Member of the Georgia House of Representatives from the 2nd district
- In office January 10, 2005 – January 2013
- Preceded by: Brian Davis Joyce
- Succeeded by: John Defenbaugh

Personal details
- Born: Chattanooga, Tennessee
- Party: Republican
- Spouse: Jane Scott
- Children: 4
- Alma mater: Shorter College, Chattanooga State, Kennesaw State University
- Occupation: Businessman, teacher, realtor, politician, pastor

= Martin Scott (politician) =

American politician and pastor from Georgia

Martin Scott is an American businessman, educator, politician, and pastor from Georgia. Scott is a former Republican member of the Georgia House of Representatives from District 2.

== Early life ==
Scott was born in Chattanooga, Tennessee.

== Education ==
Scott earned a degree from Shorter College and Chattanooga State. Scott earned an MBA from Kennesaw State University.

== Career ==
Scott is a businessman, former teacher and realtor.

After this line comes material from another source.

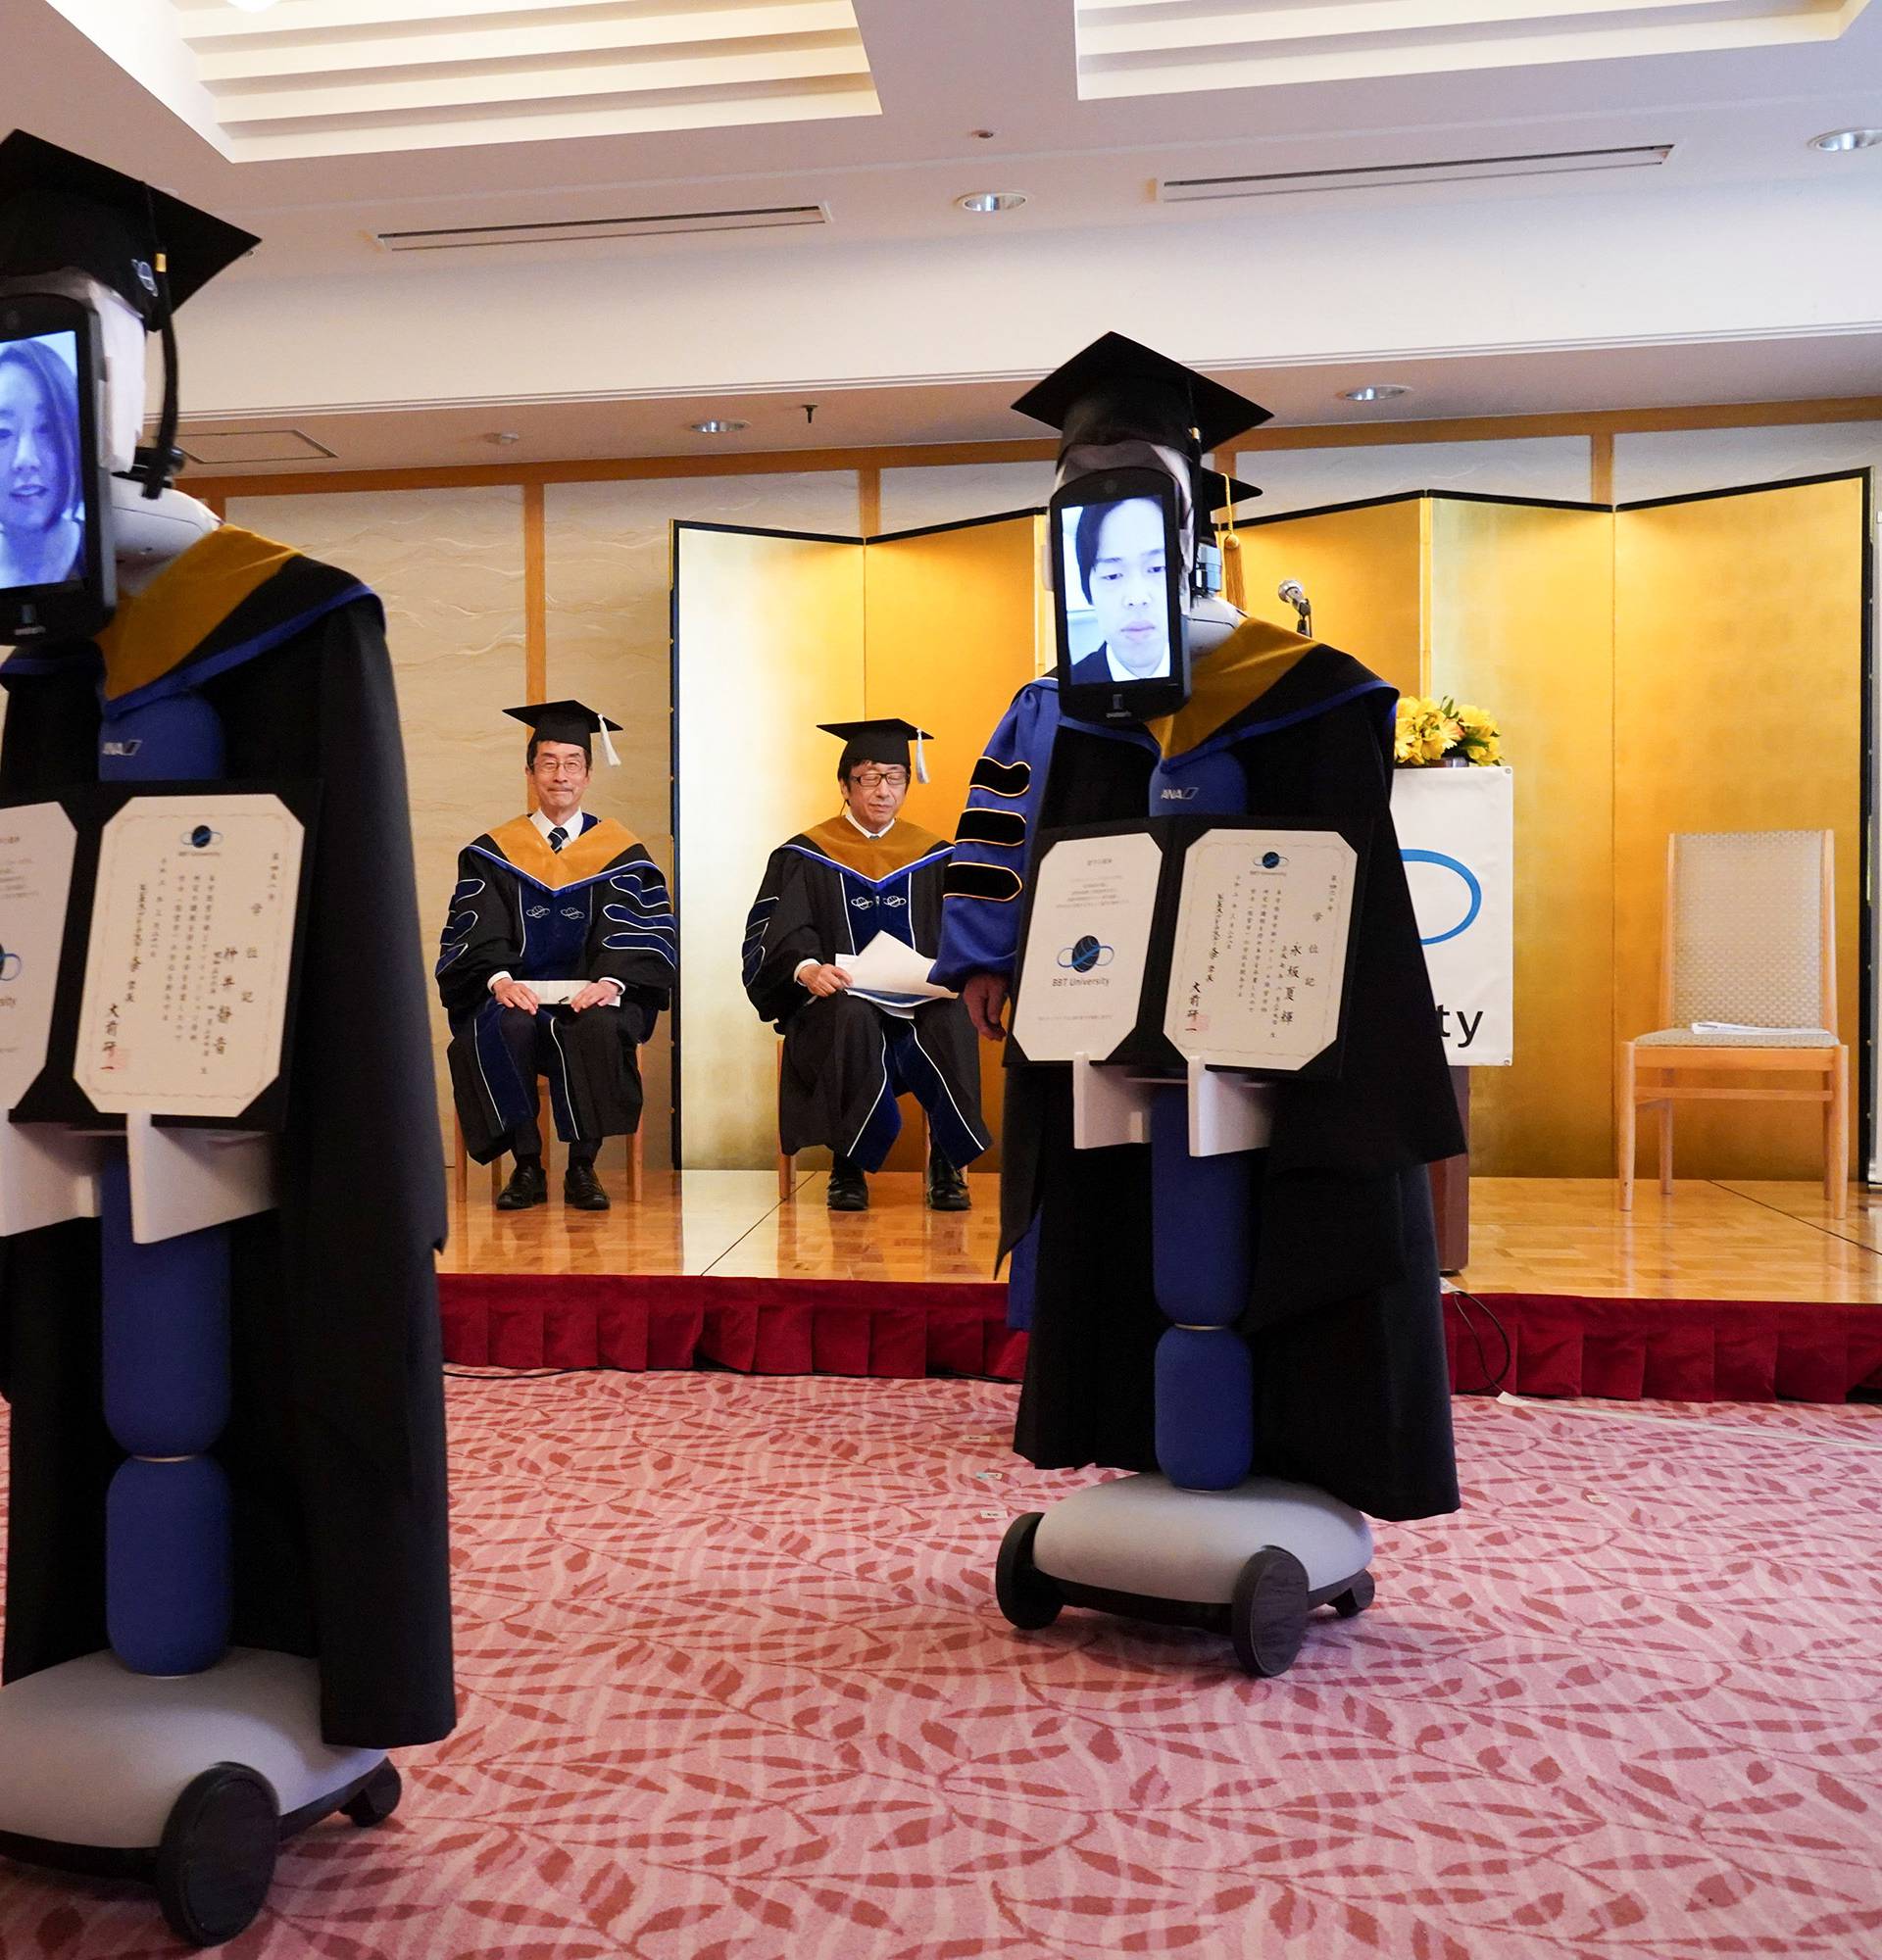 Ipads attached to 'newme' robots replacing graduating students' presence at a ceremony, wear graduation gowns and hats in Tokyo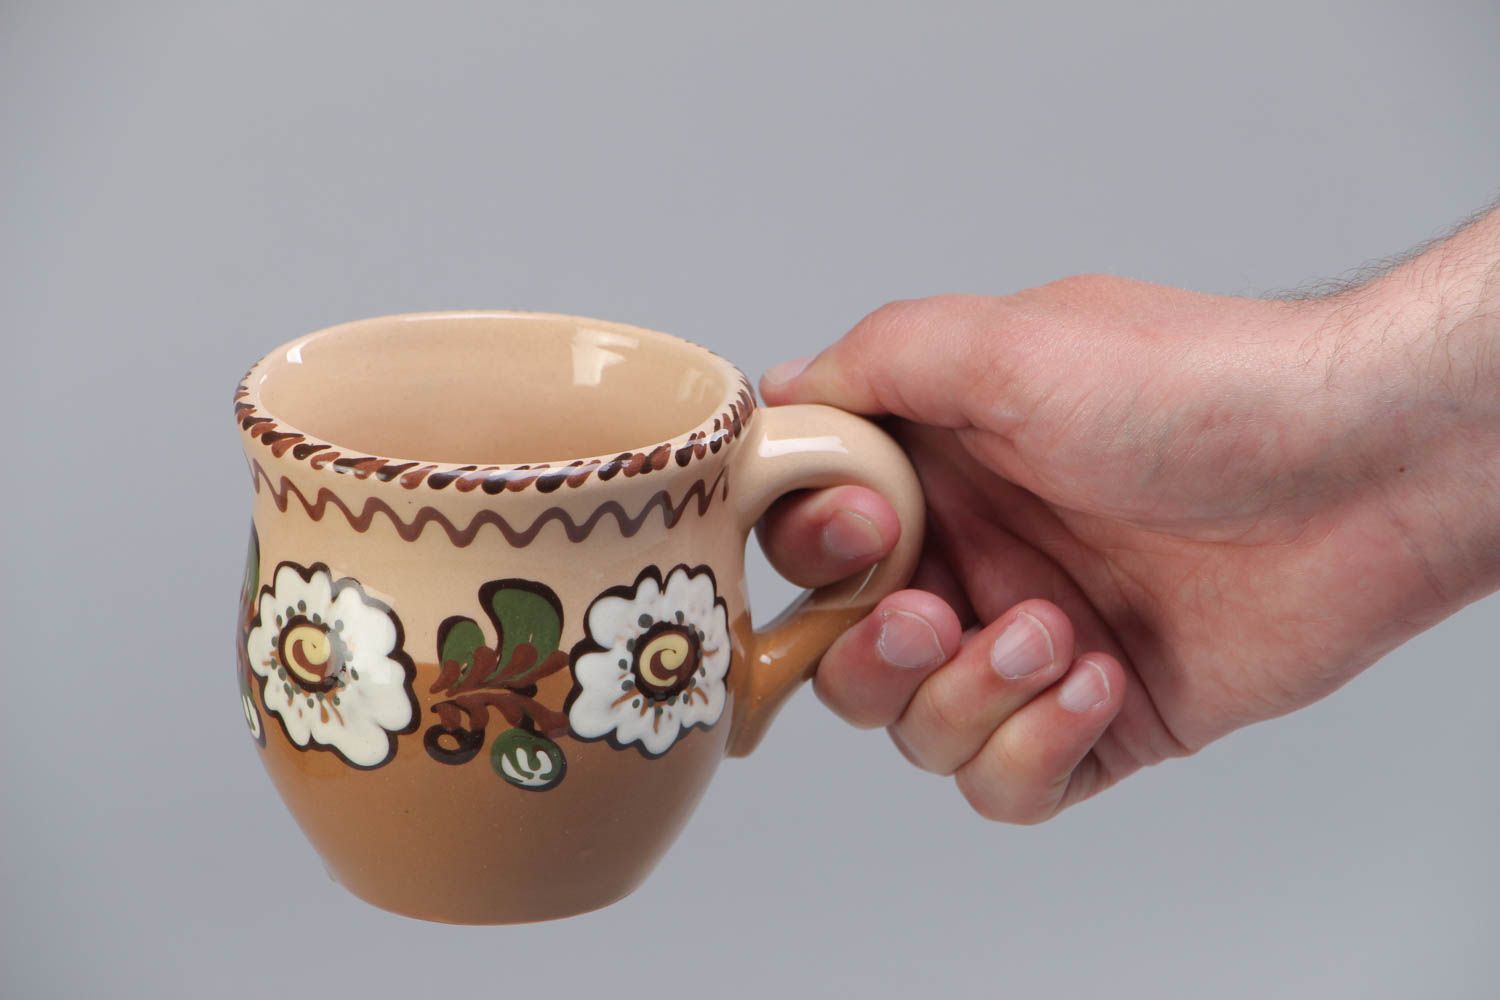 8 oz porcelain handmade coffee cup with handle and floral ornament 0,8 lb photo 5

On November 2, 2004, Scott won the election and became a Republican member of Georgia House of Representatives for District 2. Scott defeated Sadie Morgan with 69.16% of the votes. On November 7, 2006, as an incumbent, Scott won the election and continued serving District 2. Scott defeated Sadie Morgan with 67.10% of the votes. On November 4, 2008, as an incumbent, Scott won the election and continued serving District 2. Scott defeated Sadie Morgan with 70.94% of the votes. On November 2, 2010, as an incumbent, Scott won the election unopposed and continued serving District 2.

In 2012, Scott founded River City Church in Rossville, Georgia. Scott is the lead pastor.

== Personal life ==
Scott's wife is Jane Scott. They have four children. Scott and his family live in Rossville, Georgia.